The company also offers the state authorities access to Deep Packet Inspection, which is the process of monitoring, filtering and analysing network traffic, typically in real time.

This, WikiLeaks said, will be used for "predicting social and business trends" in Russia.

One presentation, detailing packet inspection, was reportedly written "just a few months" after former US National Security Agency analyst Edward Snowden leaked an unprecedented amount of documents detailing the surveillance capabilities of the American state.

The document made references to the NSA's Prism programme, which was built by the US to scoop up internet data, and offered "law enforcement, intelligence and other interested parties, to join an alliance in order to establish equivalent data-mining operations in Russia".

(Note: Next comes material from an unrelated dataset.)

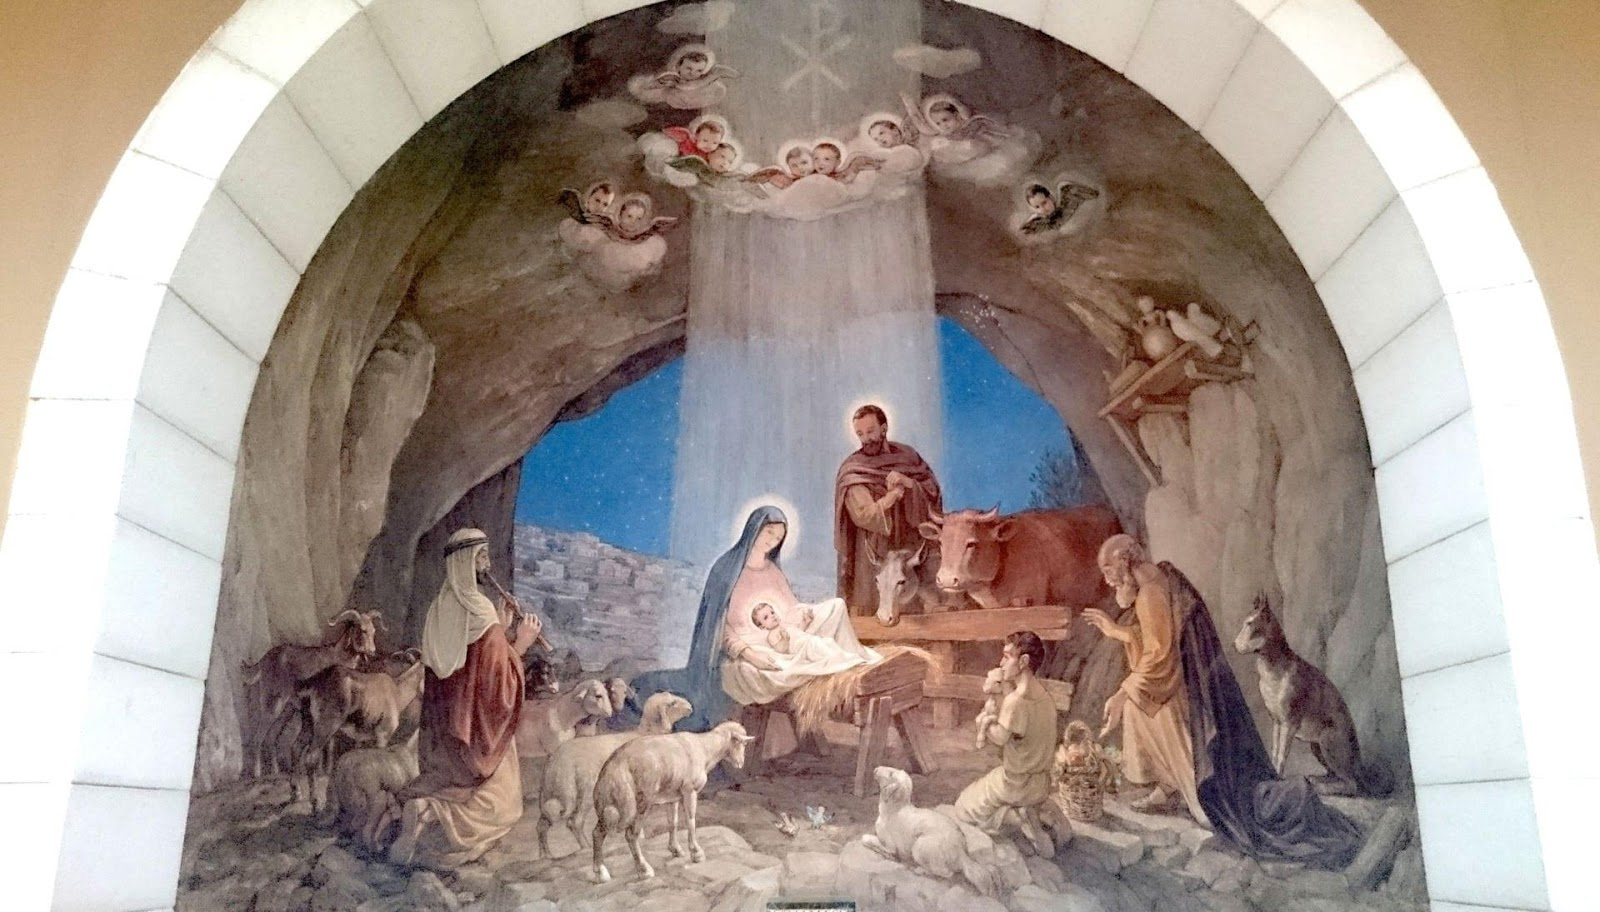 https://www.nguoi-viet.com/wp-content/uploads/2019/12/DL-Bethlehem-noi-Chua-Giang-Sinh-3.jpg

It won't come as a surprise that such collection is happening. Indeed, every government with the capability to do so will be conducting similar operations at this scale.

What is interesting, however, is how the WikiLeaks' release – which is focused specifically on Russian security relationships – could upset the stance of the US government that it has clandestine links to the Kremlin, which played a key role in the 2016 influence campaign against its election.

For months, WikiLeaks has been releasing documents dubbed Vault 7 about the alleged surveillance capabilities of the US Central Intelligence Agency (CIA).

The website's founder, Julian Assange, has brushed off repeated claims that he was exploited by the Russian state to leak documents designed to help elect Donald Trump to the White House. He previously claimed that the source of his election leaks was not a state actor.

Assange remains in the Ecuadorian Embassy in London under political asylum.